A Class of Quantum Integrable Models Associated with the Infra-red Limit of Massive Chern-Simons Theory

TL;DR

This paper constructs and analyzes an infinite class of integrable quantum models derived from the infra-red limit of massive non-abelian Chern-Simons theory, revealing connections to the Landau problem and disordered systems.

Contribution

It introduces a new class of integrable models linked to Chern-Simons theory's infra-red limit, including explicit solutions and connections to condensed matter physics.

Findings

Constructed integrable models associated with SU(2) gauge group.

Derived explicit eigenstates using generalized orthogonal polynomials.
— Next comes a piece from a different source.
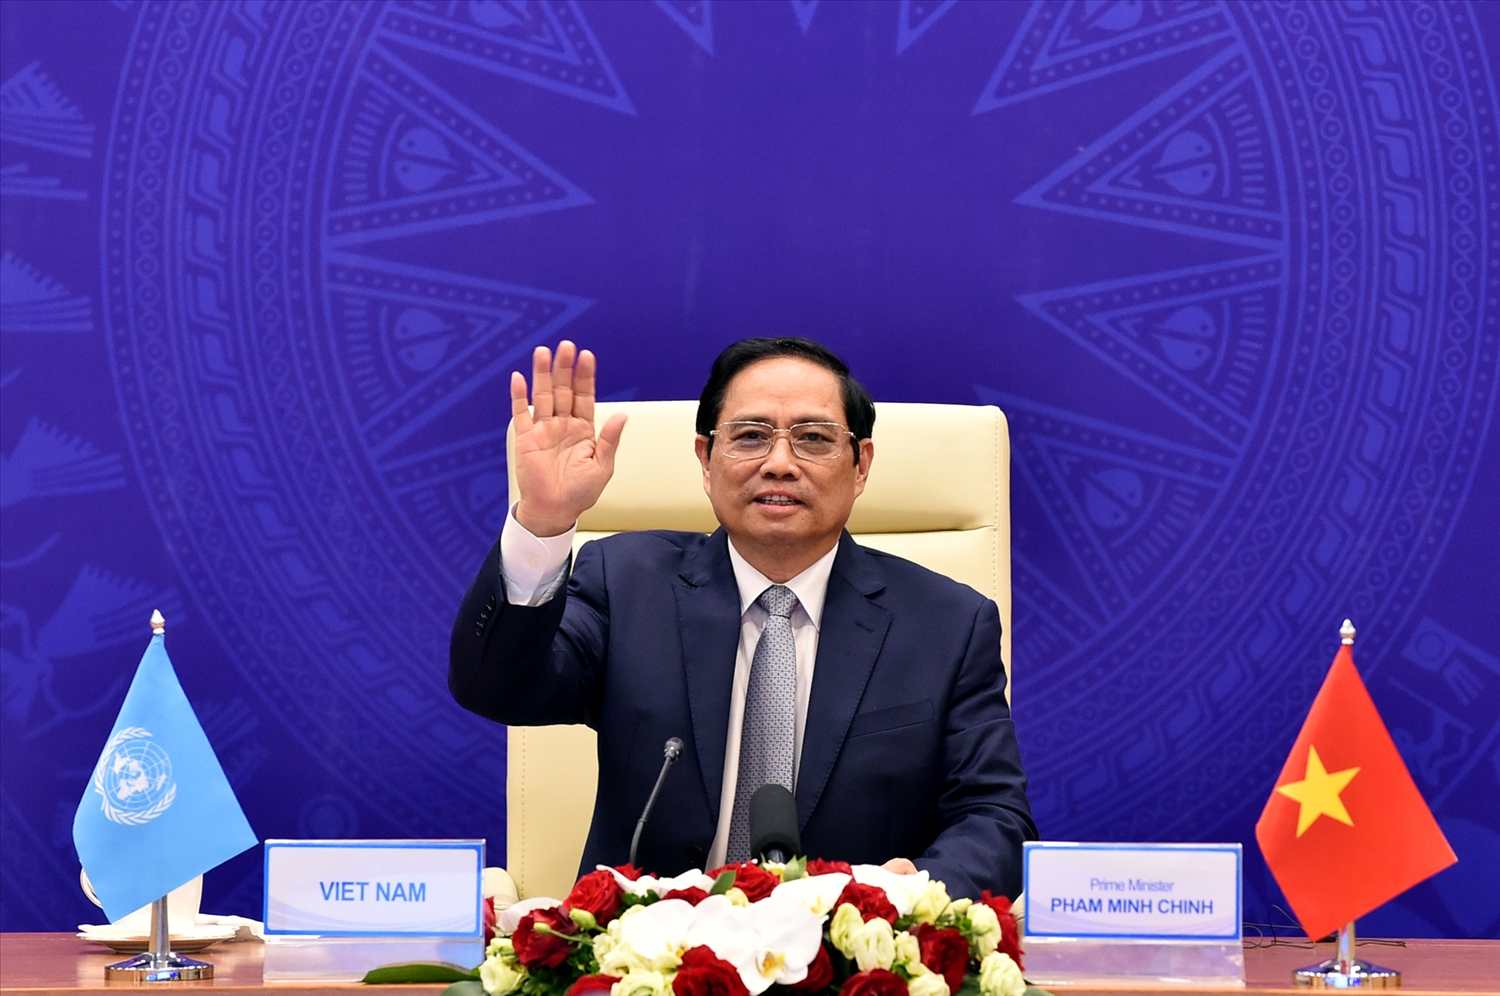 Thủ tướng Phạm Minh Chính: Việt Nam sẵn sàng đóng góp thúc đẩy đối thoại, xây dựng lòng tin, hợp tác với các nước để duy trì an ninh trên biển - Ảnh: VGP/Nhật Bắc

Uncovered connections with Anderson's chain models and disordered systems.

Abstract

We study the infra-red limit of non-abelian Chern-Simons gauge theory perturbed by a non-topological, albeit gauge invariant, mass term. It is shown that, in this limit, we may construct an infinite class of integrable quantum mechanical models which, for the case of SU(2) group, are labelled by the angular momentum eigenvalue. The first non-trivial example in this class is obtained for the triplet representation and it physically describes the gauge invariant coupling of a non-abelian Chern-Simons particle with a particle moving on $S^3$ - the SU(2) group manifold. In addition to this, the model has a fascinating resemblance to the Landau problem and may be regarded as a non-abelian and a non-linear generalisation of the same defined on the three-sphere with the uniform magnetic field replaced by an angular momentum field. We explicitly solve for some eigenstates of this model in a closed form in terms of some generalised orthogonal polynomials. In the process, we unravel some startling connections with Anderson's chain models which are important in the study of disordered systems in condensed matter physics. We also sketch a method which allows us, in principle, to find the energy eigenvalues corresponding to the above eigenstates of the theory if the Lyapunov exponents of the transfer matrix of the infinite chain model involved are known.